### Given data
====
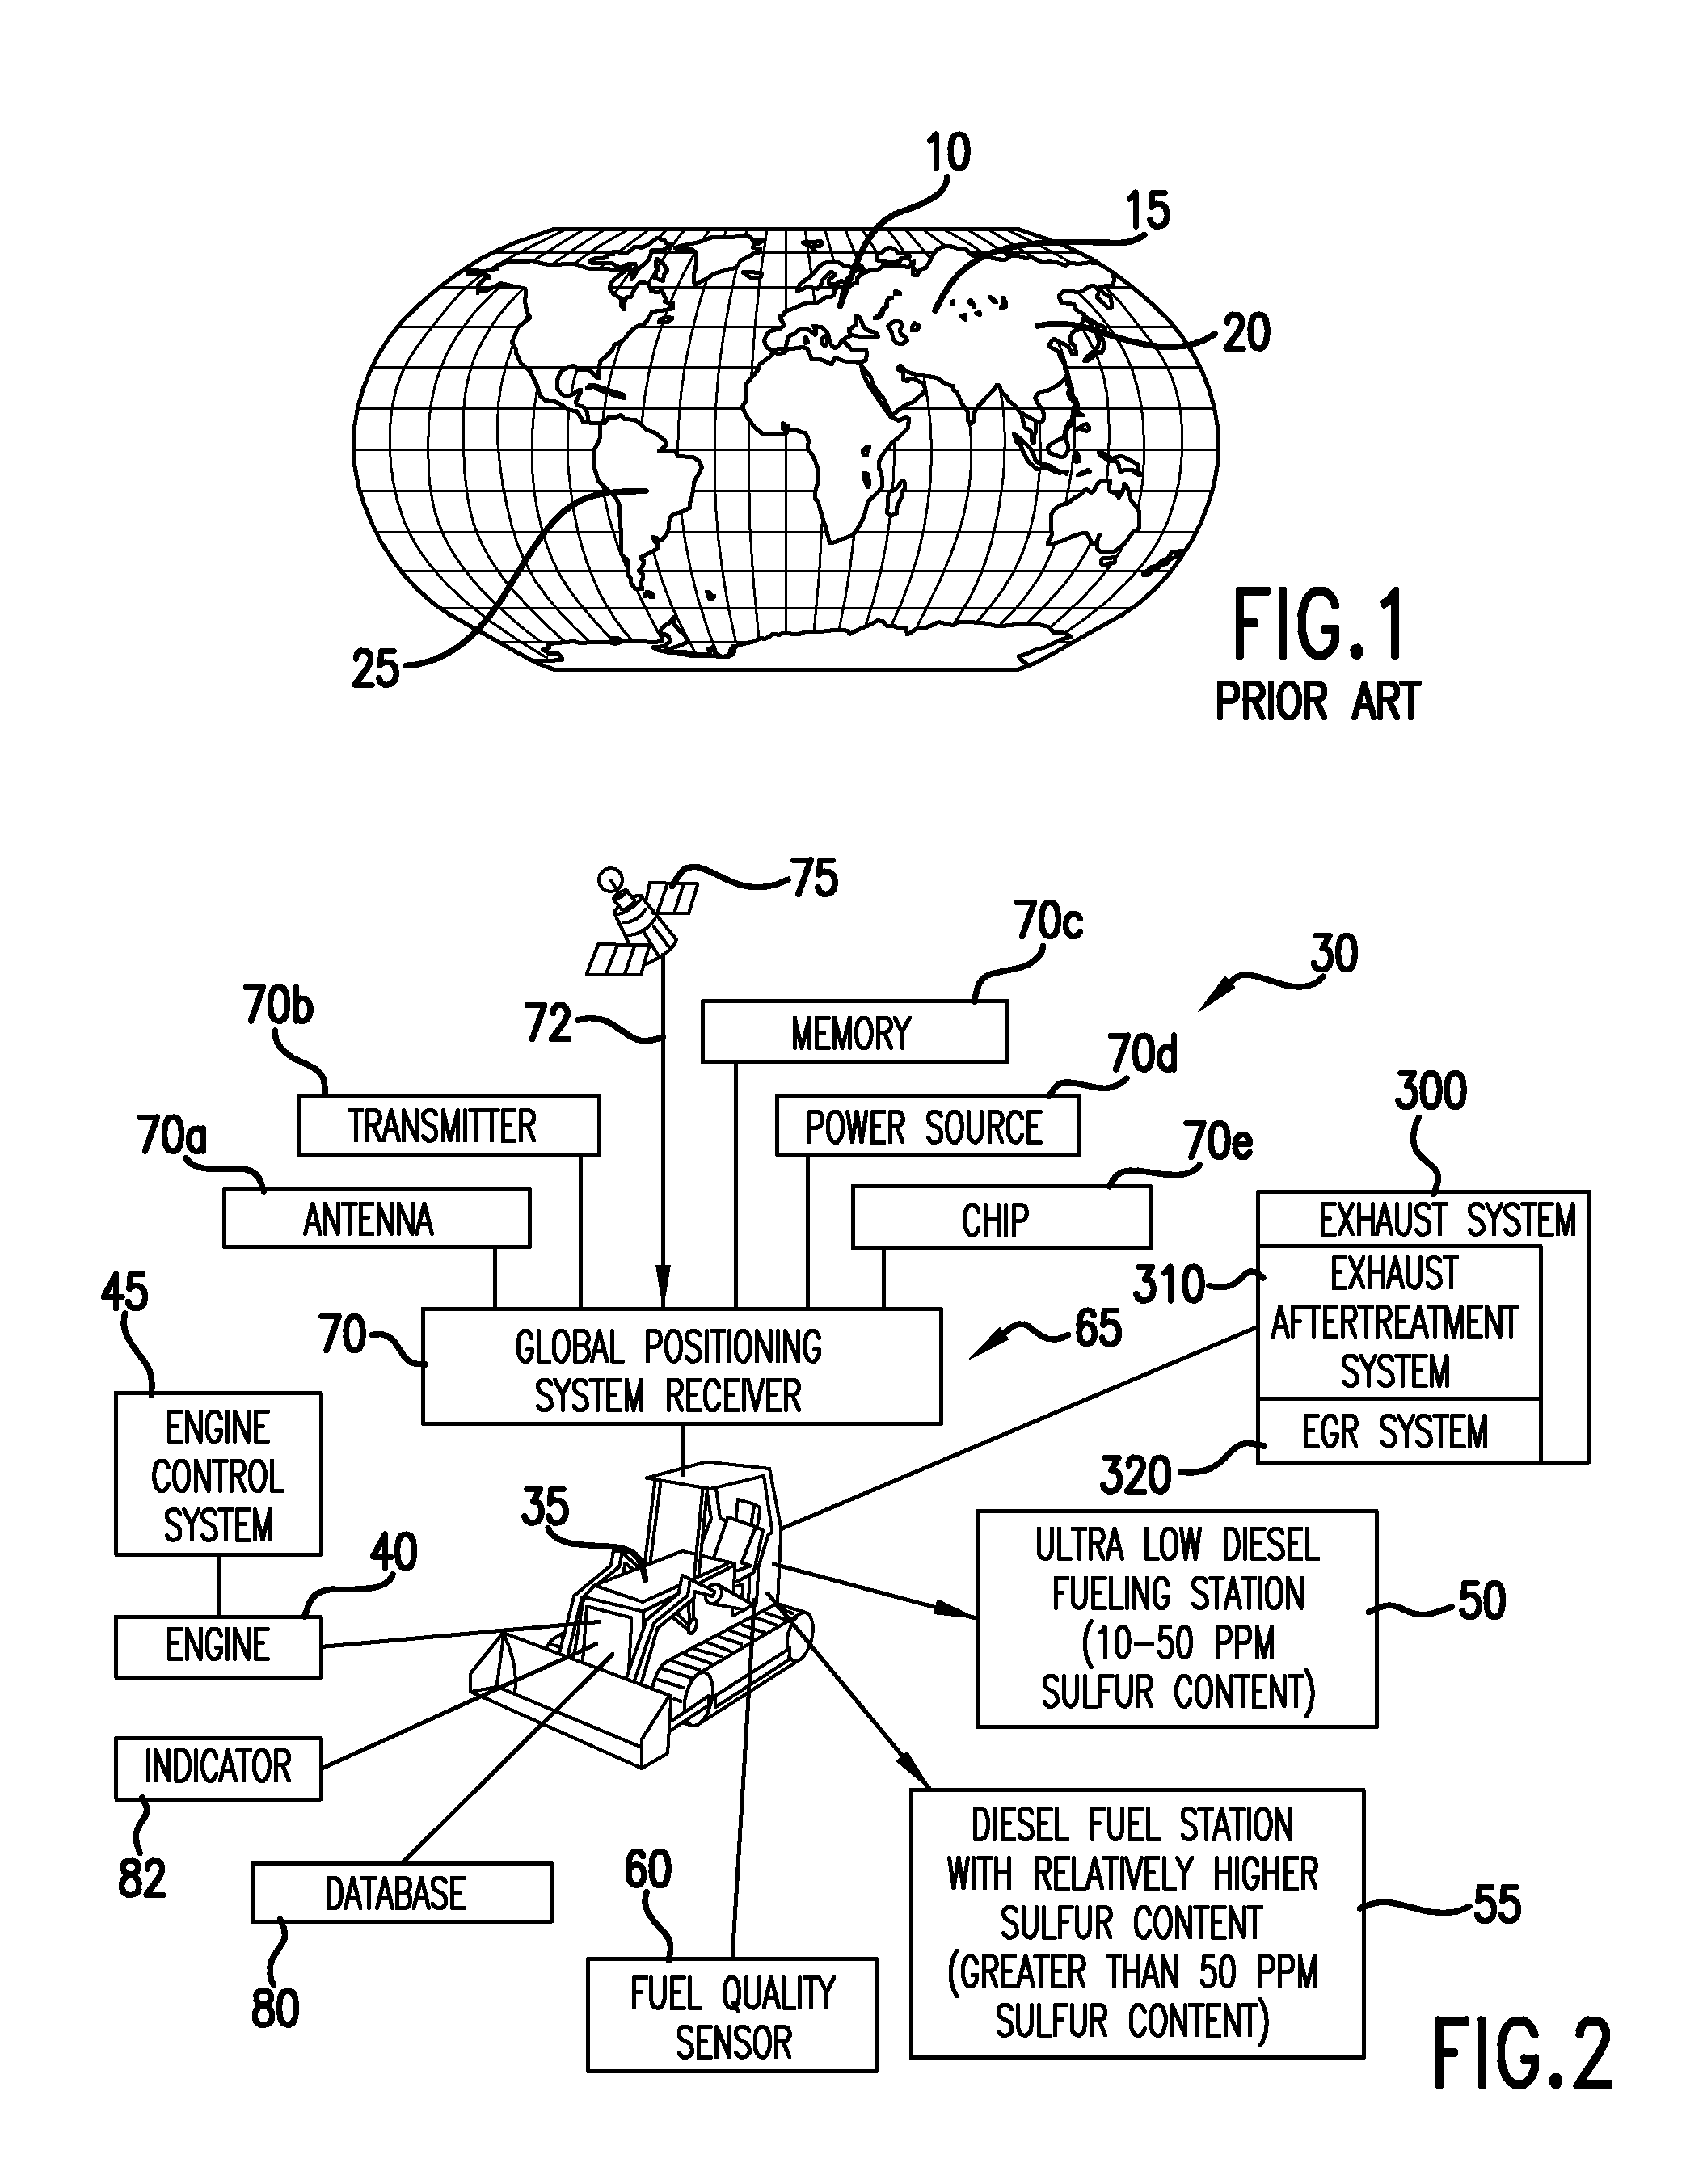 Engine control system and method based on fuel quality
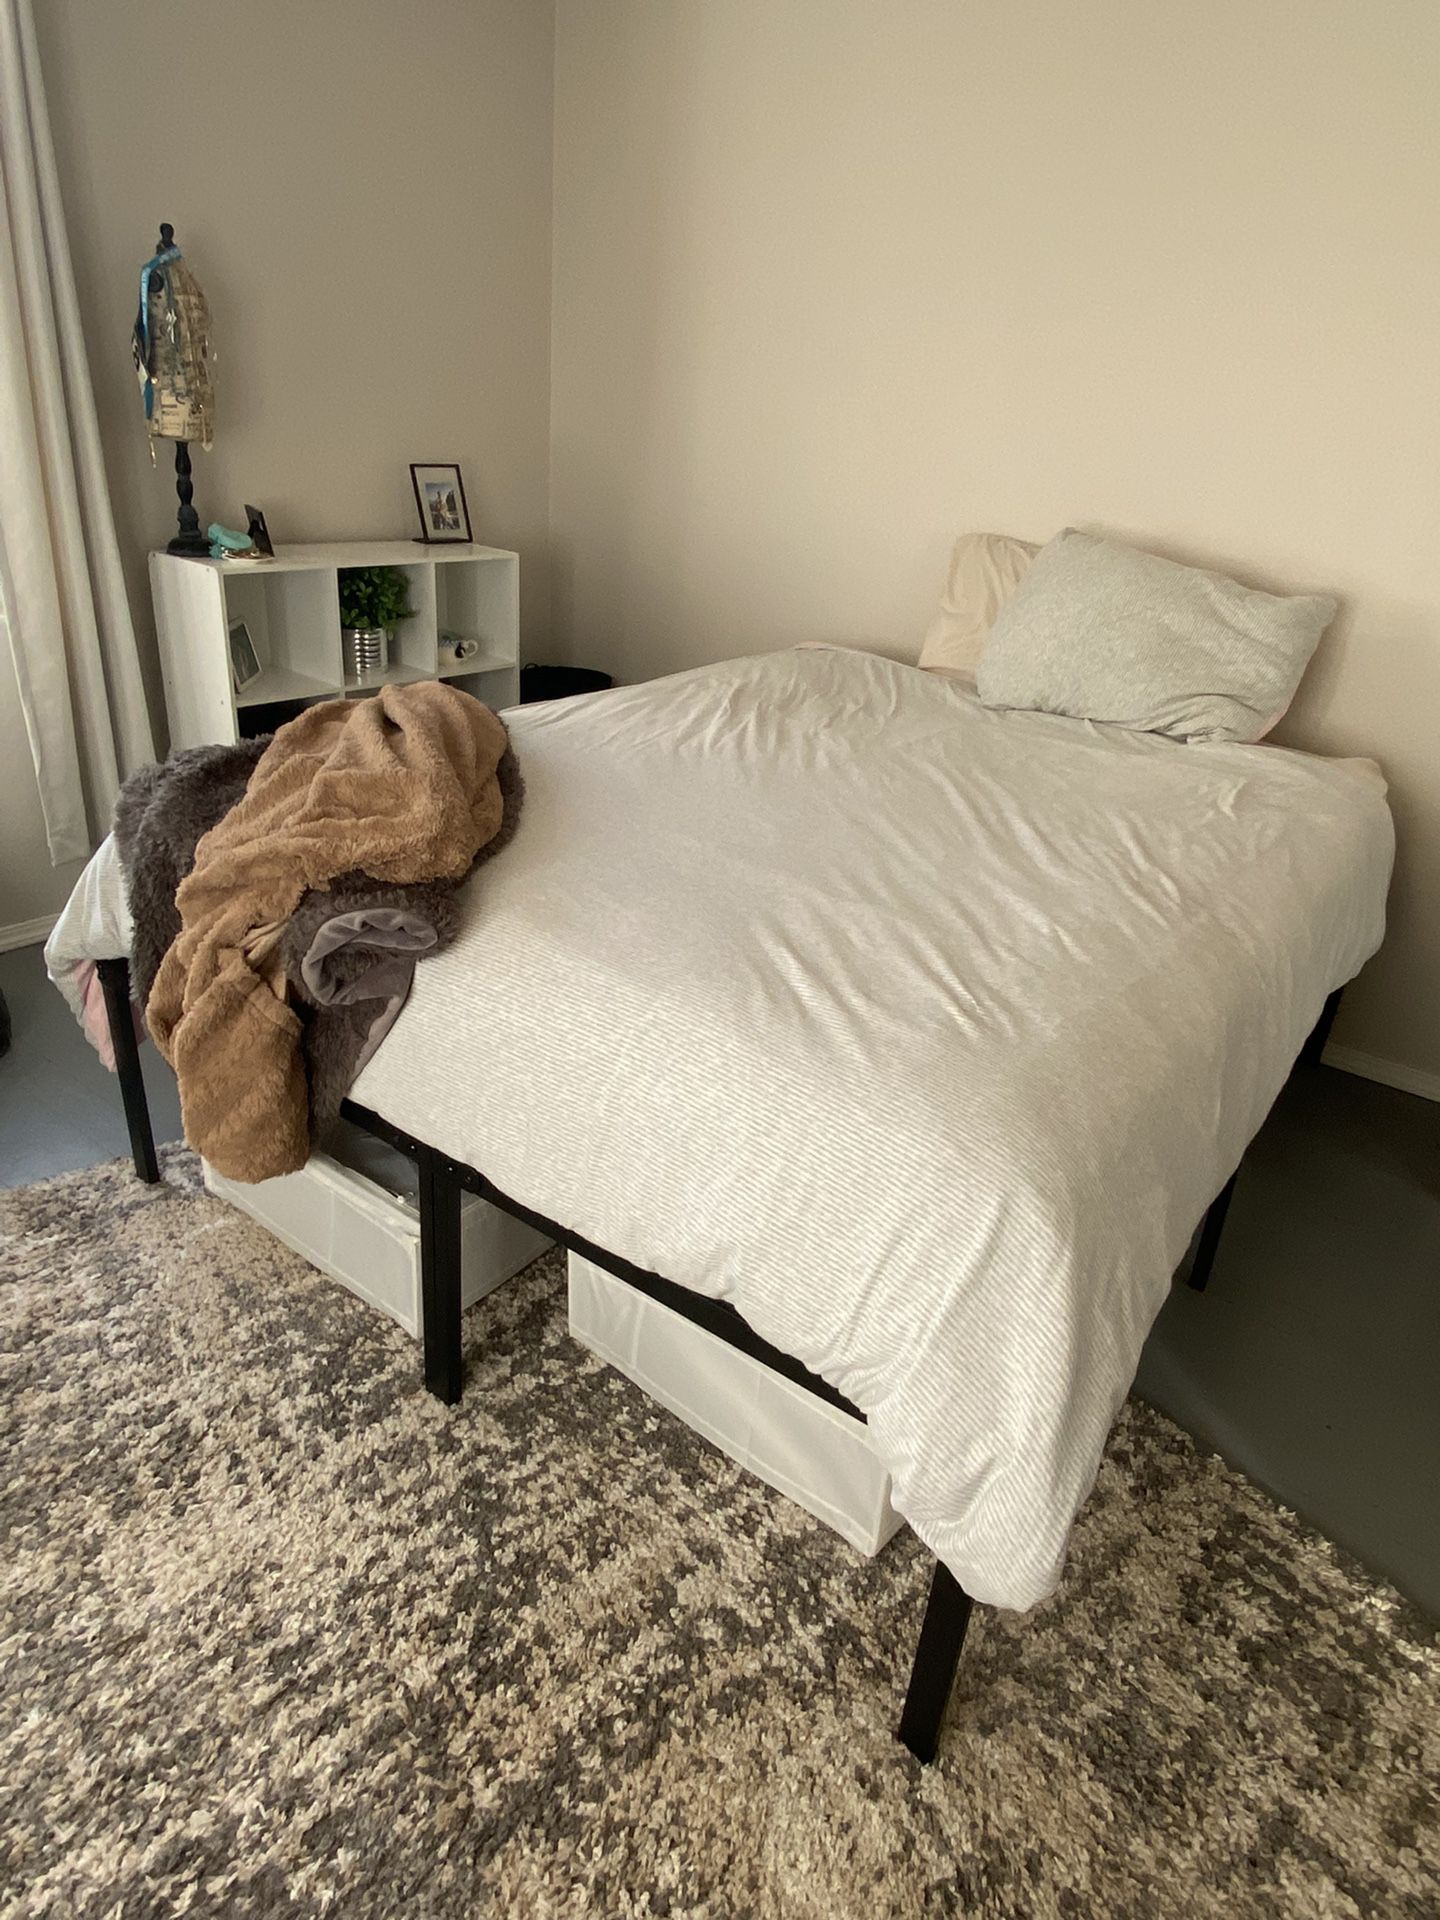 Queen Pillowtop Mattress, Boxspring, and Bed frame 
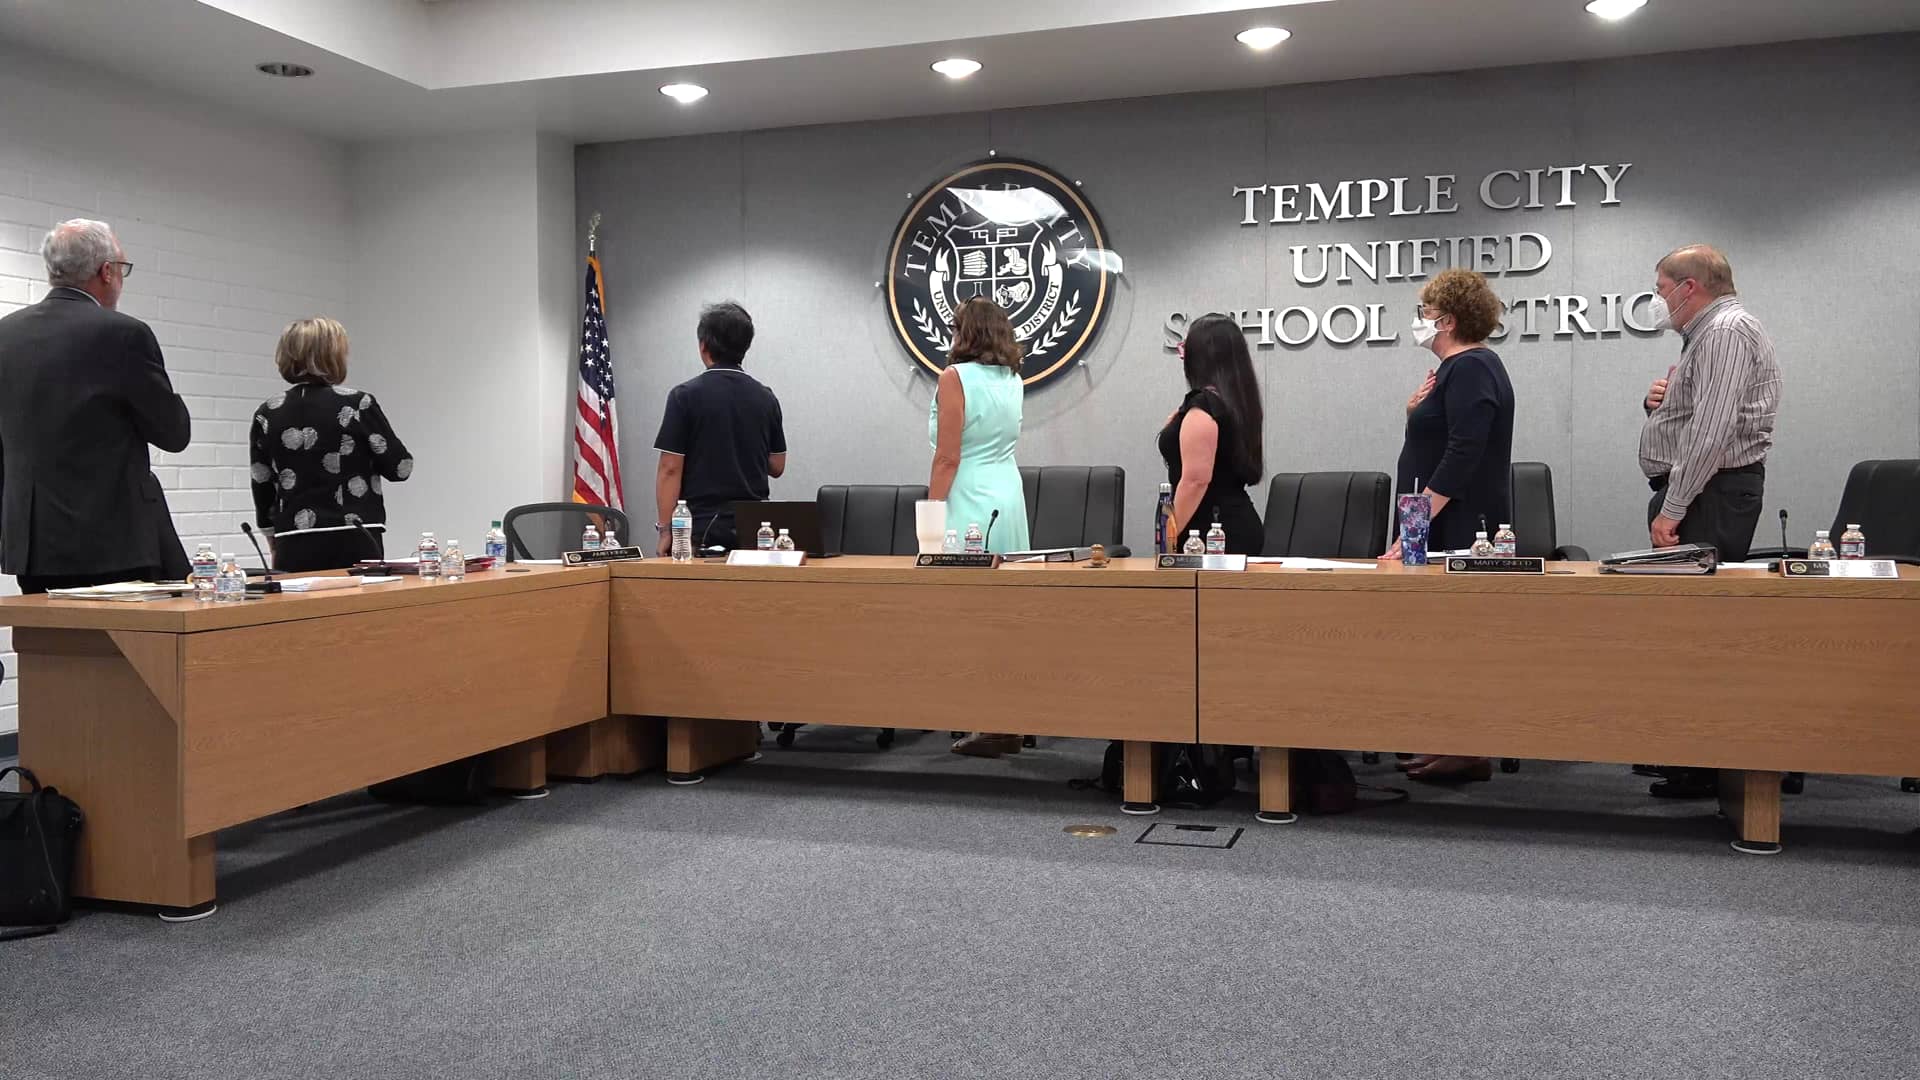 july-27-2022-temple-city-unified-school-district-special-meeting-with-the-cosca-group-on-vimeo
====
### The task
Every line above should be returned word for word, with the pictures left behind.

### Result of this task
 Engine control system and method based on fuel quality
 Queen Pillowtop Mattress, Boxspring, and Bed frame 
 july-27-2022-temple-city-unified-school-district-special-meeting-with-the-cosca-group-on-vimeo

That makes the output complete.